All JSON writes use atomic_write_json() which combines:

  1. Atomic writes (tmpfile → fsync → os.replace) — prevents torn files
  2. File locks (os.mkdir) — prevents lost updates from concurrent writers
  3. Directory fsync (POSIX) — crash-consistent renames

To opt out of locking for single-process workloads: atomic_write_json(path, data, lock=False).

Benchmarks

Measured on Apple M4, Python 3.14 (beta). Results on Python 3.9–3.13 will be comparable — no version-specific optimizations are used. Reproducible via scripts/ollama_benchmark.py.

Memories Ingest Search (avg) Search (p99) Consolidate Disk
100 1.0ms (0.010ms/entry) 0.35ms 0.40ms 2.6ms 46KB
500 4.4ms (0.009ms/entry) 1.55ms 1.83ms 51ms 230KB
1,000 7.1ms (0.007ms/entry) 2.69ms 3.20ms 195ms 460KB
5,000 36.8ms (0.007ms/entry) 13.8ms 16.2ms 354ms 2.3MB

Input gating (P0–P3 classification): 0.177ms avg per input.

Scaling notes: JSON file storage is practical up to ~50,000 memories per workspace. At that scale, expect ~50-100ms search and ~50MB on disk. Beyond that, consider sharding across multiple workspaces or migrating to a database. We chose this limit deliberately — most agent workloads generate hundreds to low thousands of memories, not millions.

Storage Format

v0.4 (sharded) — memories are split across multiple files by date and topic:

workspace/
├── shards/
│   ├── 2026-02-strategic.json    # Strategic memories from Feb 2026
│   ├── 2026-02-operational.json  # Operational memories from Feb 2026
│   └── 2026-01-tactical.json     # Tactical memories from Jan 2026
├── indexes/
│   ├── search_index.json         # Full-text inverted index
│   ├── tag_index.json            # Tag → memory hash lookup
│   └── date_index.json           # Date range index
├── migrations/
│   └── history.json              # Applied migration log
└── memory_audit.json             # Deletion audit trail (GDPR)

Each shard is a plain JSON file containing an array of memory entries:

{
  "hash": "a1b2c3d4e5f6",
  "content": "Decided to use PostgreSQL",
  "source": "meeting-notes",
  "category": "strategic",
  "created": "2026-02-15T10:00:00",
  "importance": 1.0,
  "confidence": 0.8,
  "sentiment": {"strategic": 0.6},
  "tags": ["postgresql", "deployment"]
}

v0.2/v0.3 (legacy) — single memory_metadata.json file. Automatically migrated to sharded format on first v0.4 load, with backup and rollback support.

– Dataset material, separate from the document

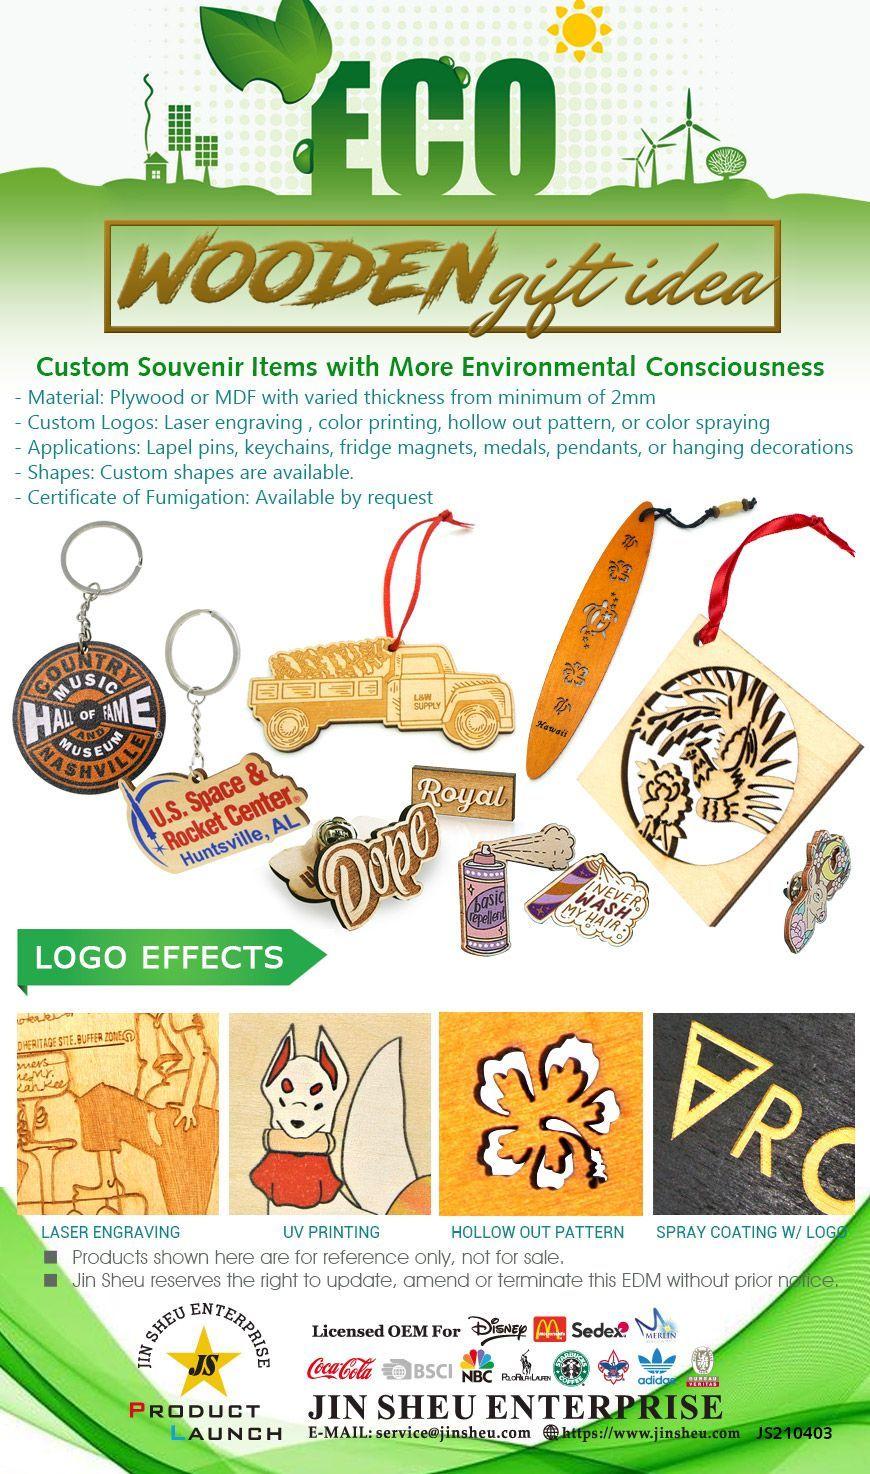 Custom Made Wooden Souvenirs
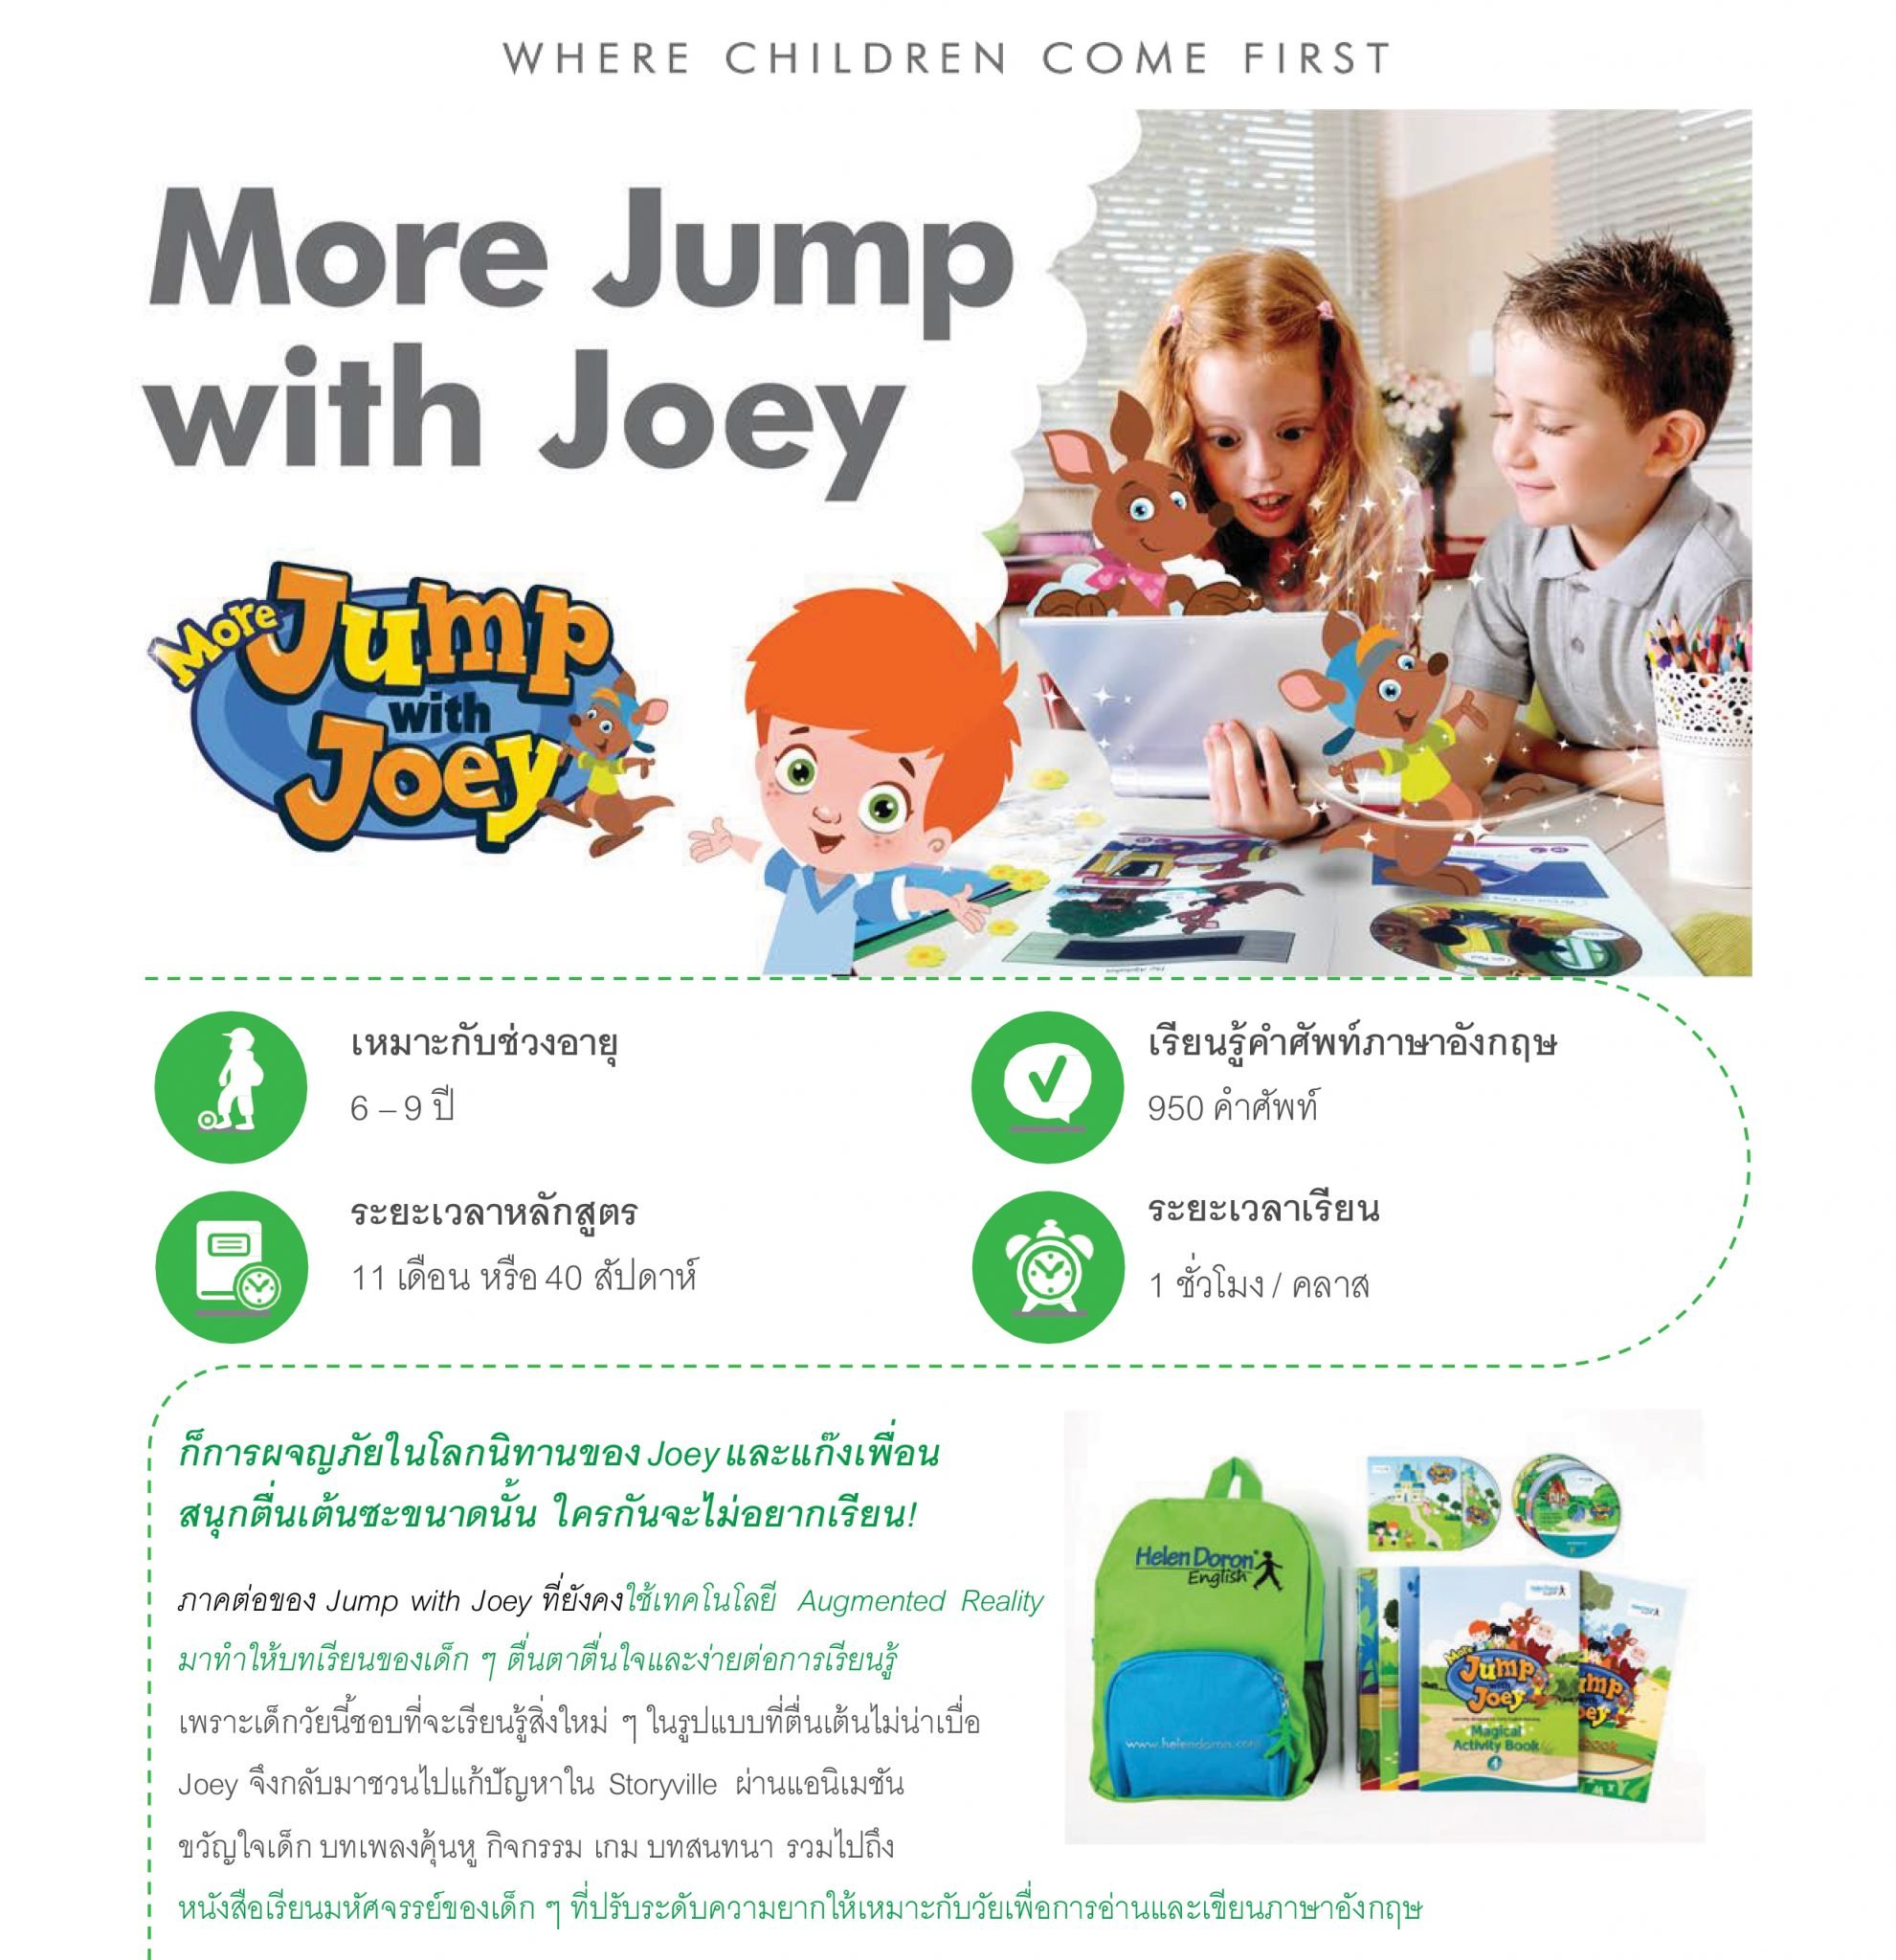 Download - More Jump with Joey สำหรับเด็กอายุ 6 – 9 ปี

Storage format may evolve between versions. Breaking changes will increment MAJOR version. See CHANGELOG.

Architecture

MemorySystem (v1.0)
├── ShardManager       — Distributes memories across date/topic shards
├── IndexManager       — Full-text, tag, and date indexes for fast lookup
│   ├── SearchIndex    — Inverted index for text search
│   ├── TagIndex       — Tag → memory hash mapping
│   └── DateIndex      — Date range queries
├── MigrationManager   — Schema versioning with backup and rollback
├── SearchEngine       — BM25-inspired ranking with IDF, phrase boost, field boost
├── FileLock           — Cross-platform directory-based file locking
├── VersionTracker     — Optimistic conflict detection (mtime/hash)
├── InputGate          — P0-P3 classification at intake
├── DecayEngine        — Ebbinghaus forgetting curves
├── SentimentTagger    — Rule-based keyword tone tagging
├── TemporalEngine     — Date queries and narrative building
├── ConfidenceEngine   — Reliability scoring
├── CompressionEngine  — Old file summarization
├── ForgettingEngine   — Selective deletion with audit
├── ConsolidationEngine — Dedup, clustering, contradiction detection
└── KnowledgeSynthesizer — Gap identification and research integration

Data flow: ingest → classify (P0-P3) → normalize → shard-route → index → persist → search (index lookup) → decay-weight → return

Works With Local Models (Ollama)

All memory operations are local and deterministic — no tokens consumed, no API calls. Pair with Ollama for a fully local agent stack at zero marginal cost.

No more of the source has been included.